Her hand gently rested on the crook of her fiancé's arm, whose calm cold gaze fell on me and he nodded slightly.

I smiled gently back and nodded at him.

"Good evening, President Han."

And turned to beam at her.

"Similarly, it is lovely to meet Miss Ming again."

I turned to look at my adroit fiance, who couldn't help smiling brightly at the two.

"I'm so pleased to see two of you back in good graces."

That iceberg thawed at my fiancé's words and genuinely smiled as if smiling at a good brother.

Ming Jie shyly smiled as she drew her iceberg fiancé closer to us.

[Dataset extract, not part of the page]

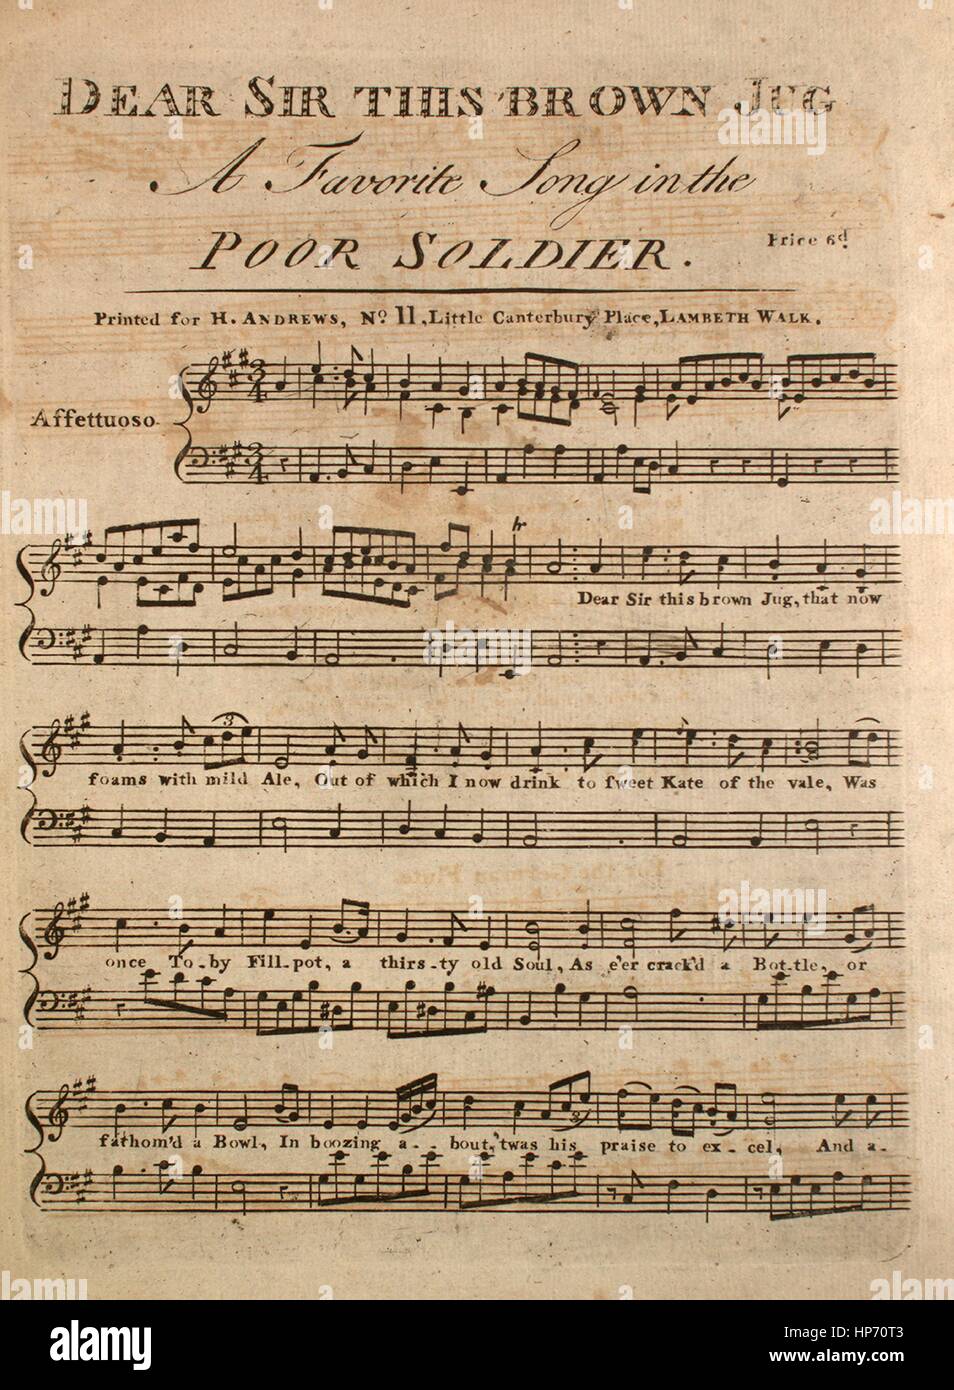 Sheet music cover image of the song 'Dear Sir This Brown Jug A Favorite Song in the Poor Soldier', with original authorship notes reading 'na', 1900. The publisher is listed as 'Printed for H. Andrews, No.11 Little Canterbury Place, Lambeth Walk', the form of composition is 'strophic', the instrumentation is 'piano and voice; German flute', the first line reads 'Dear Sir this brown Jug, that now foams with mild Ale', and the illustration artist is listed as 'None'. Stock Photo

"Ruan Jiejie. I apologise that I took gege away from jiejie. Please don't misunderstand."

She grabbed my hands into her own soft slender ones.

"I did not mean to tell him."

She resentfully look at the iceberg next to her.

"It is just that "President Han" here was being too overprotective of me ever since he found out about my pregnancy."

At that, she then turned to look down shyly, that bashful expression was adorable.

"Of course, pregnant women are emotional and gege was caught in our crossfire."

She then looked at me with utmost sincerity and with, this I can't help but respect, absolute determination.

"I just wanted to tell Ruan Jiejie this in case you might have heard it from someone else and misconstrue our pure intentions. Gege loves only you."

Her hand grasped mine firmly, as if to transmit her sincerest intention.

I smiled at her tenderly and gave her a hug. Before handing her a present that I had to nudge Mr Adroit here to pass to me.

"Of course I know. Miss Ming does not need to clarify. I trust the two of you."

I grasped her hand as she held the gift, my eyes and smile warm.

"This is a belated congratulatory gift for the baby!"

She teared a little, touched by the gesture.

"Ah crying again. Silly me. Emotional preggy women."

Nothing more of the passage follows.